For abnormal communication behaviors detected by the model, manual research and judgment are needed. If the misjudgment exists, the similarity of the misjudgment behavior is recalculated, and the learnable weight matrix wr for calculating the similarity in the step is adjusted to optimize the baseline model
To sum up, in order to obtain a series of network behaviors of the software, the invention groups the collected network data packets according to the characteristics of the data packets, and distinguishes the data packets sent by each software and the different behaviors represented by the data packets. The feature types used include, but are not limited to, statistical features, protocol-based features, time sequence features, manually labeled features, deep learning model extracted features, and the like, and effective features are extracted by combining the features and feature extraction methods. Classifying the data packets according to the characteristics based on predefined rules, and finally normalizing the characteristics.
In order to acquire a series of network behaviors of software, the invention groups the collected network data packets according to the characteristics of the data packets, and distinguishes the data packets sent by each software and different behaviors represented by the data packets. The feature types used include, but are not limited to, statistical features, protocol-based features, time sequence features, manually labeled features, deep learning model extracted features, and the like, and effective features are extracted by combining the features and feature extraction methods. Classifying the data packets according to the characteristics based on predefined rules, and finally normalizing the characteristics.
The invention obtains the context relation of network communication behaviors based on self-attention. Self-attention is an attention mechanism for processing sequence data that allows a model to assign different attention weights to different locations in a sequence as it is processed, more flexibly capturing dependencies in a sequence. Therefore, the invention uses the self-attention component to process the software communication behavior, firstly obtains the relation inside a single node in the behavior to obtain the segment vector of the single node, and then combines the segment vectors to obtain the context relation of the whole behavior chain.

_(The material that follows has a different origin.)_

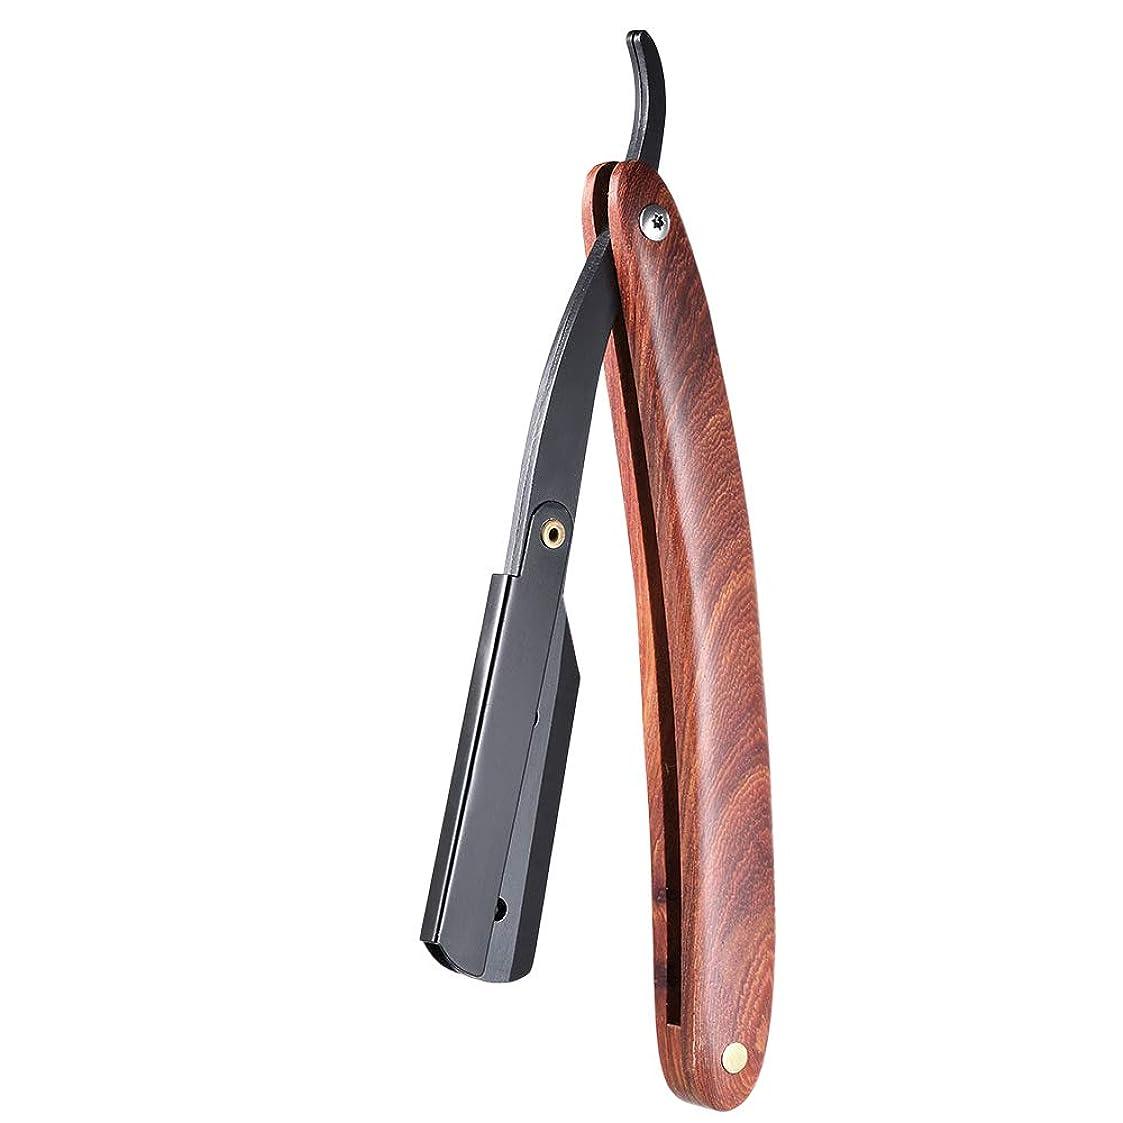 署名作動するトチの実の木Men Shaving Straight Edge Razor Stainless Steel Manual Razor Wooden Handle Folding Shaving Knife Shave Beard Cutter Pouch
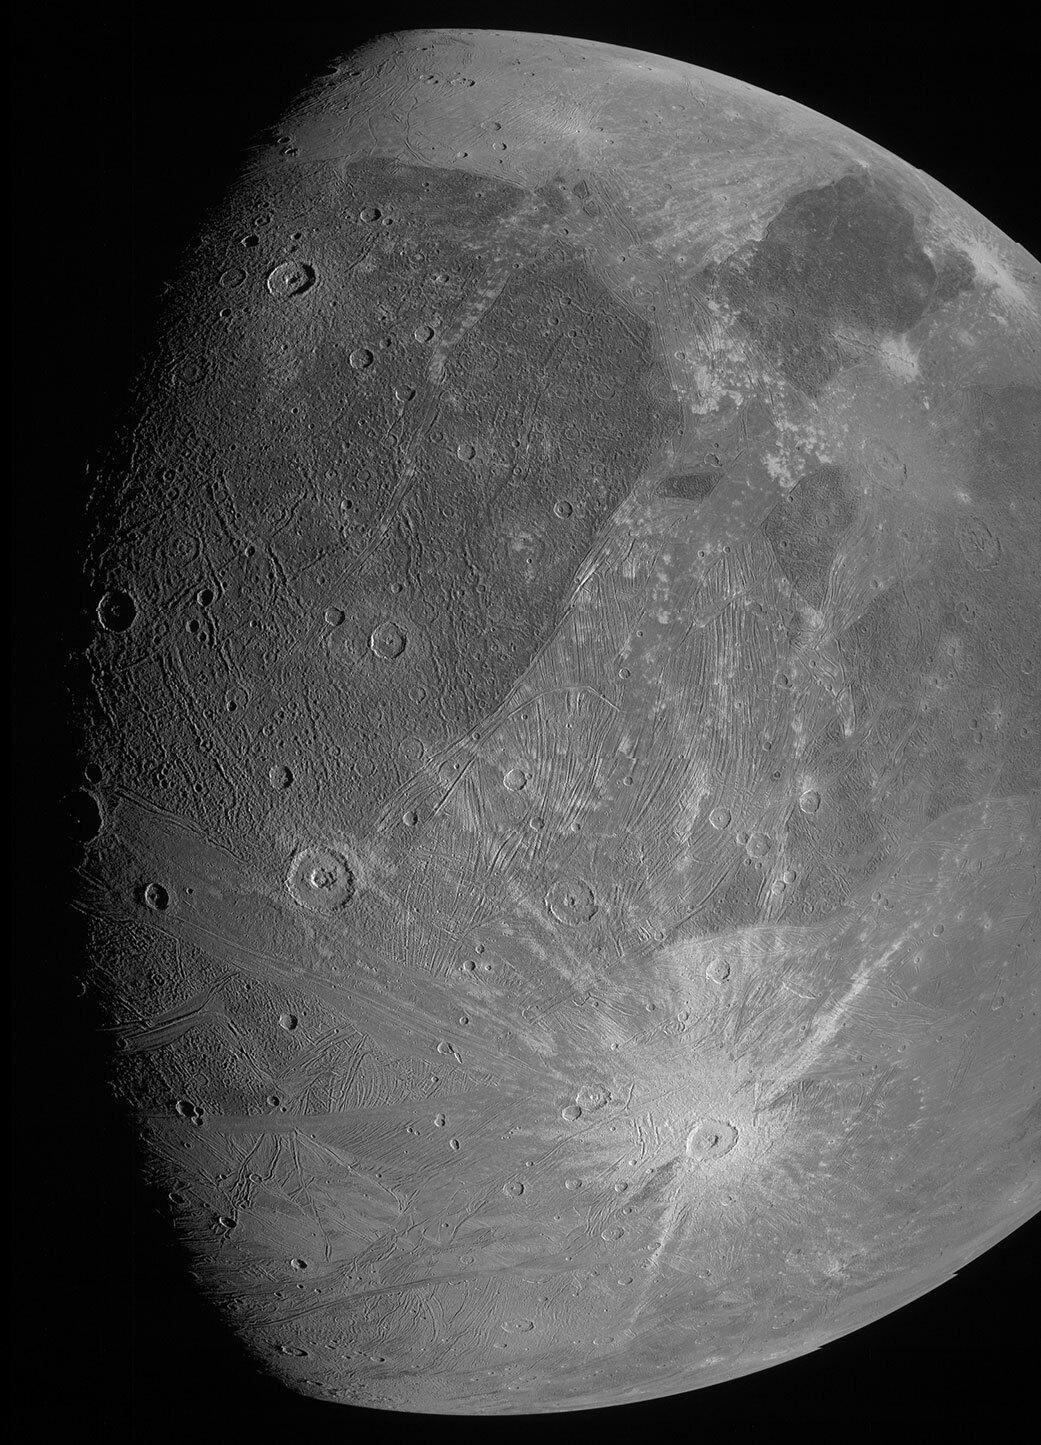 La superficie de Ganimedes con más detalle, como los saludos de Juno.

The statistical features of the invention can be used for knowing the behavior trend and the discrete degree of the software behavior chain, and for the vectors output by self-attention, the statistical features of the dimension, the calculated average value, the standard deviation, the variance, the deviation, the median absolute deviation, the kurtosis and the like are counted to obtain the feature vector for representing the statistical features of the communication behavior.
The specific category number of the present invention is determined according to the category of the software behavior. The basic behaviors of different software are similar, so that the basic behaviors from different software can be classified into the same class through clustering, the special behaviors of the software can be separately classified into one class, and after classification, the similarity baseline of each class is recorded.
The above embodiments are only for illustrating the technical solution of the present invention and not for limiting the same, and those skilled in the art may modify or substitute the technical solution of the present invention, and the scope of the present invention is defined by the claims.